What the task requires - Write out each record exactly and skip every image.

Data for this task -
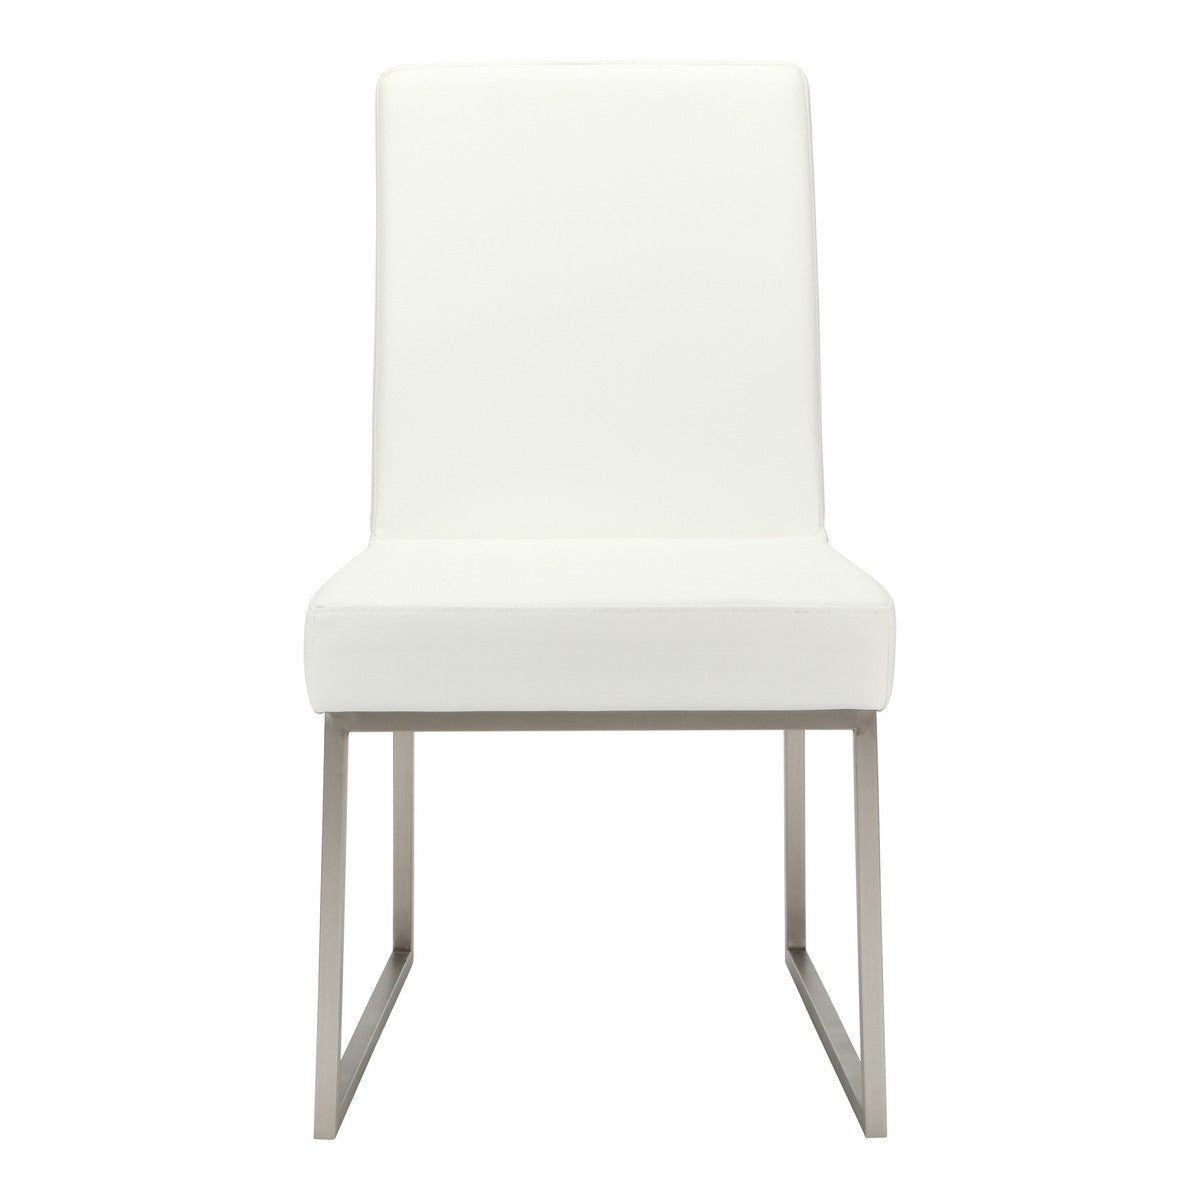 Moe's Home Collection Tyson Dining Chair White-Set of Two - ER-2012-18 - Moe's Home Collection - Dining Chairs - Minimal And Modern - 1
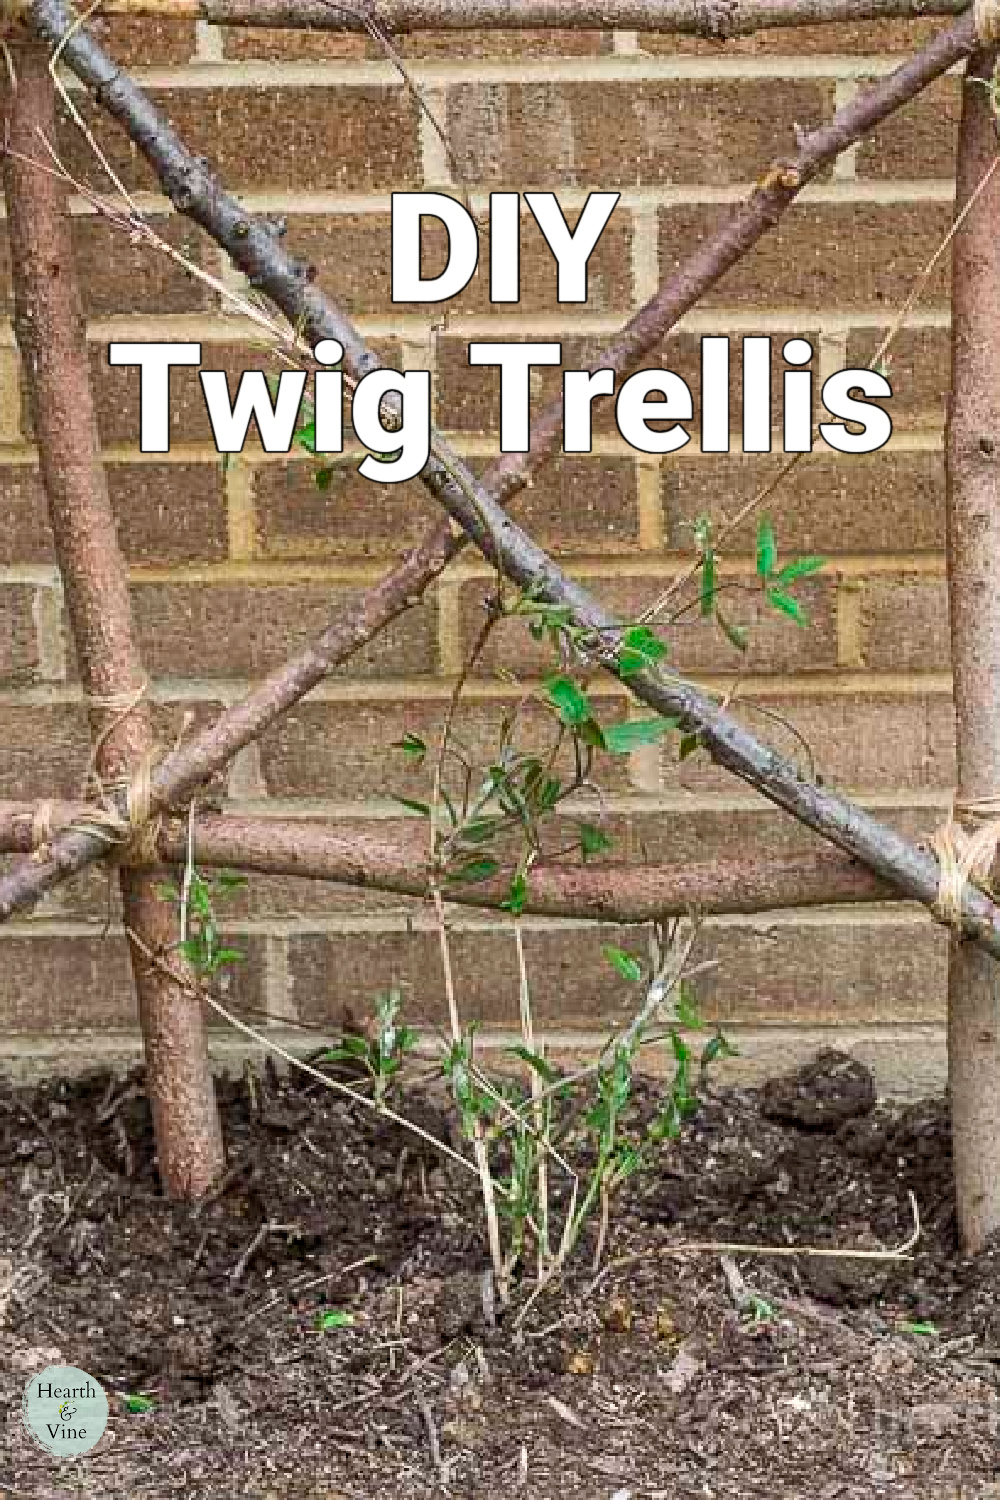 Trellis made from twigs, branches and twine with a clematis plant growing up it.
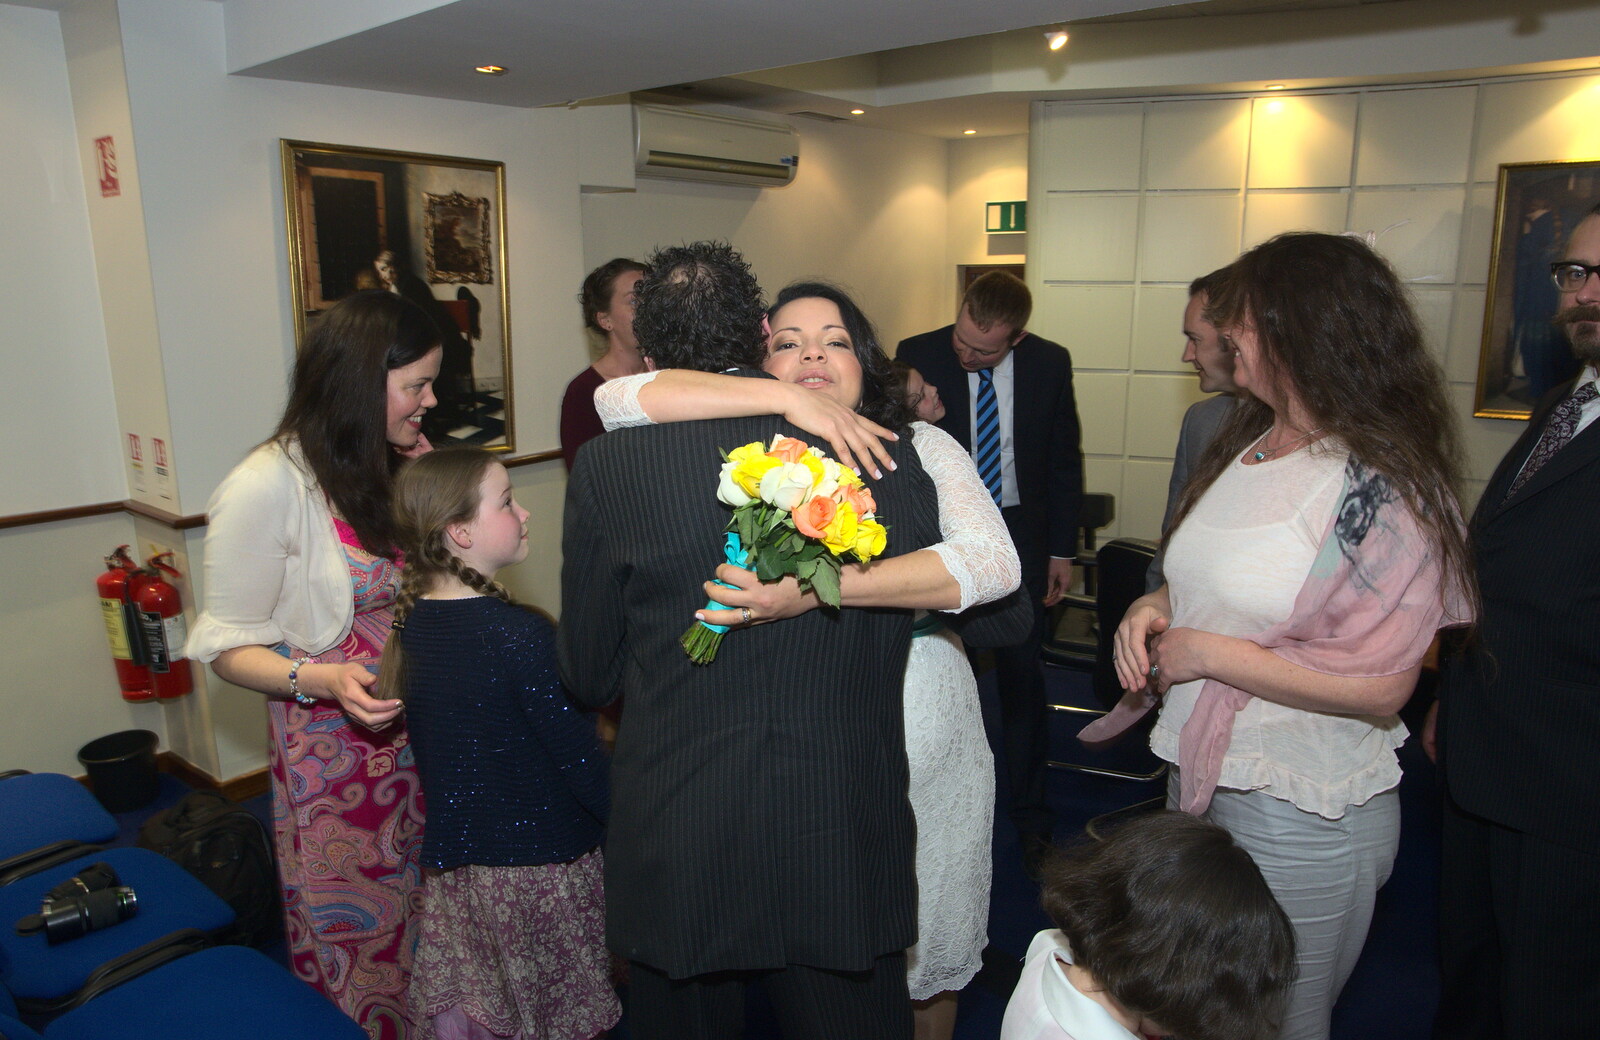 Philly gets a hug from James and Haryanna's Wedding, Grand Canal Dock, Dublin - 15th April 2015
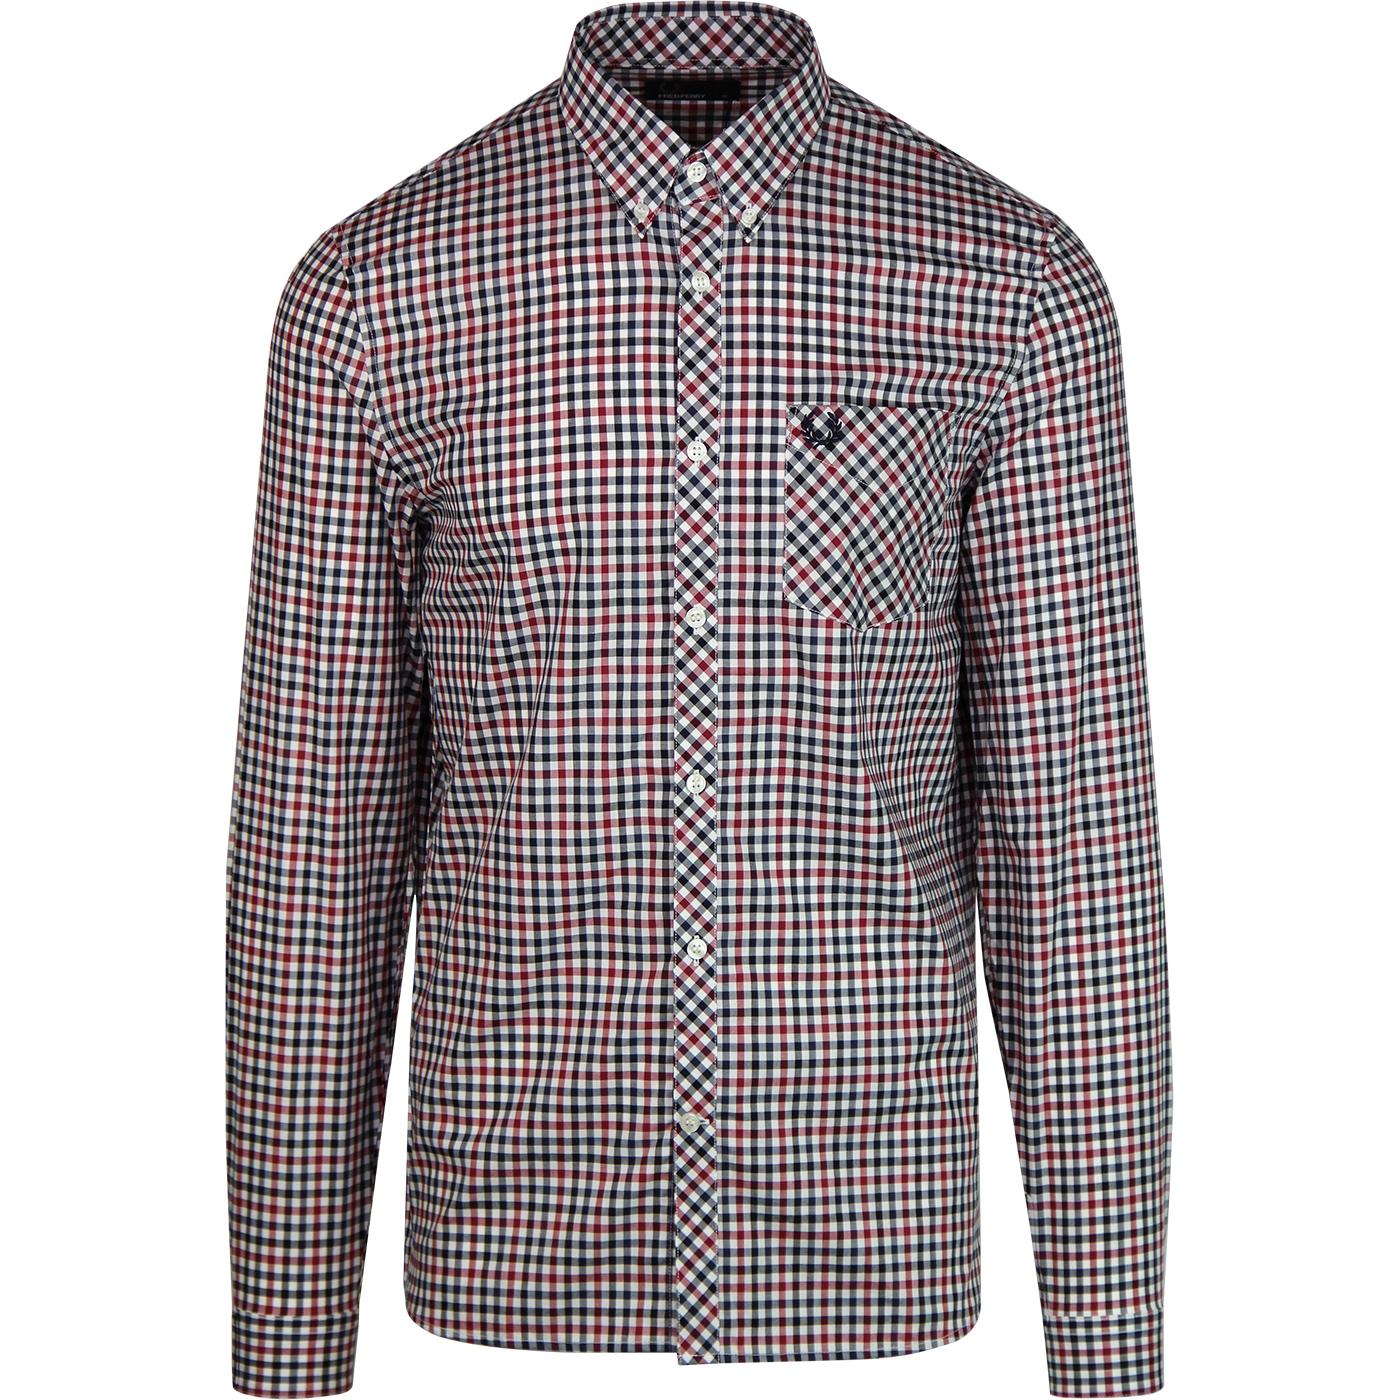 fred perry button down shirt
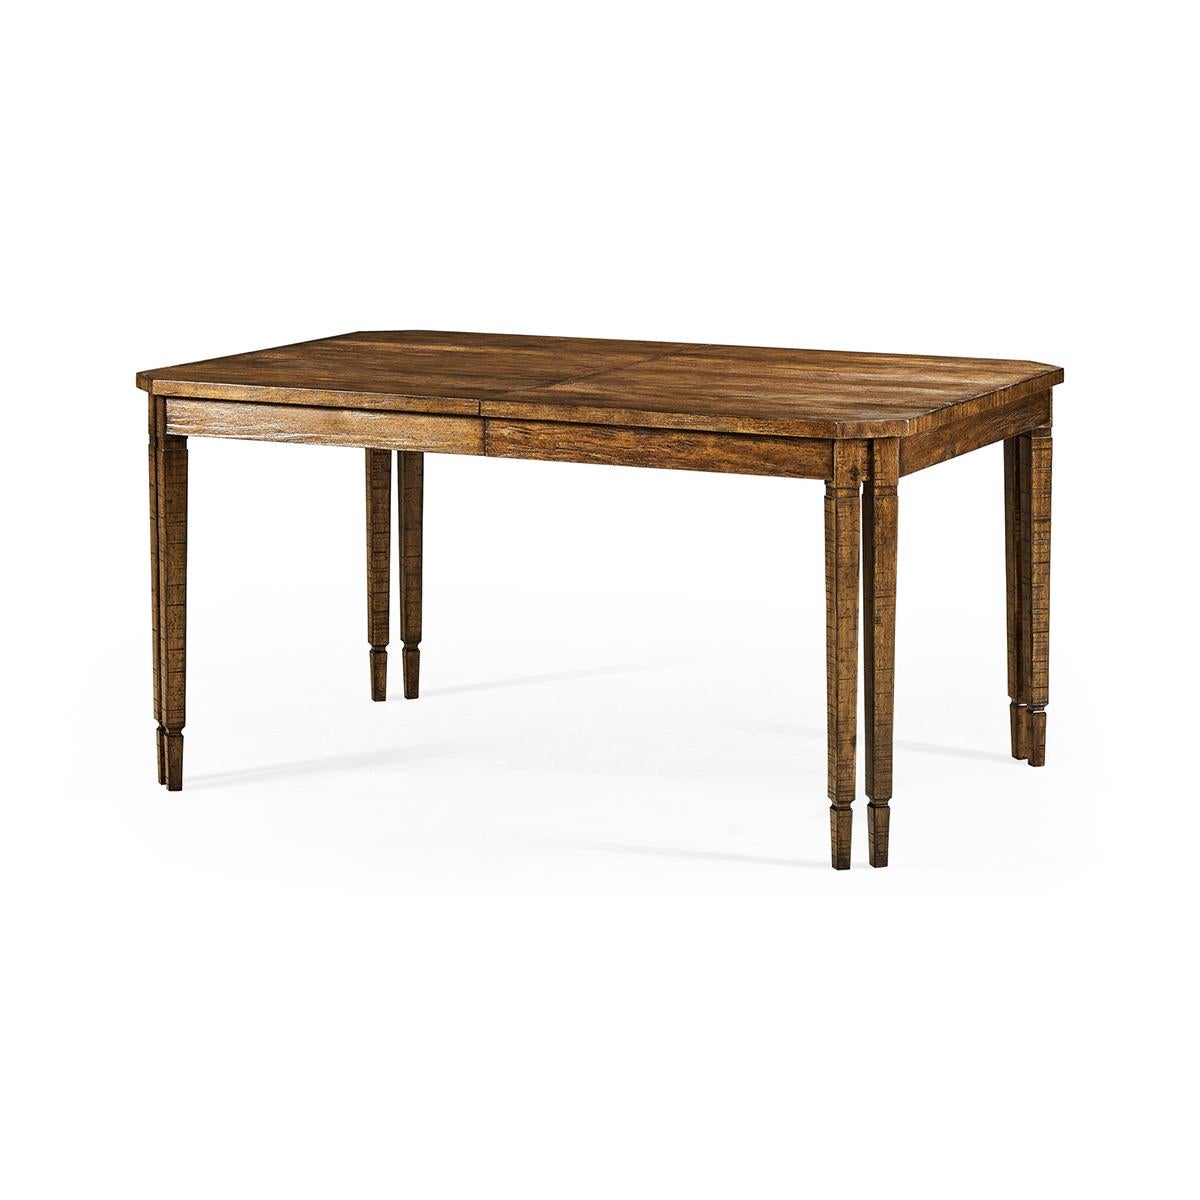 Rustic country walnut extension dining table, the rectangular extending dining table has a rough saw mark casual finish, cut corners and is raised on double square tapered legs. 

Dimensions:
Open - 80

Written solution -
 Moe's Home Collection Tyson Dining Chair White-Set of Two - ER-2012-18 - Moe's Home Collection - Dining Chairs - Minimal And Modern - 1
 Trellis made from twigs, branches and twine with a clematis plant growing up it.
 Philly gets a hug from James and Haryanna's Wedding, Grand Canal Dock, Dublin - 15th April 2015
 fred perry button down shirt
 Rustic country walnut extension dining table, the rectangular extending dining table has a rough saw mark casual finish, cut corners and is raised on double square tapered legs. 

Dimensions:
Open - 80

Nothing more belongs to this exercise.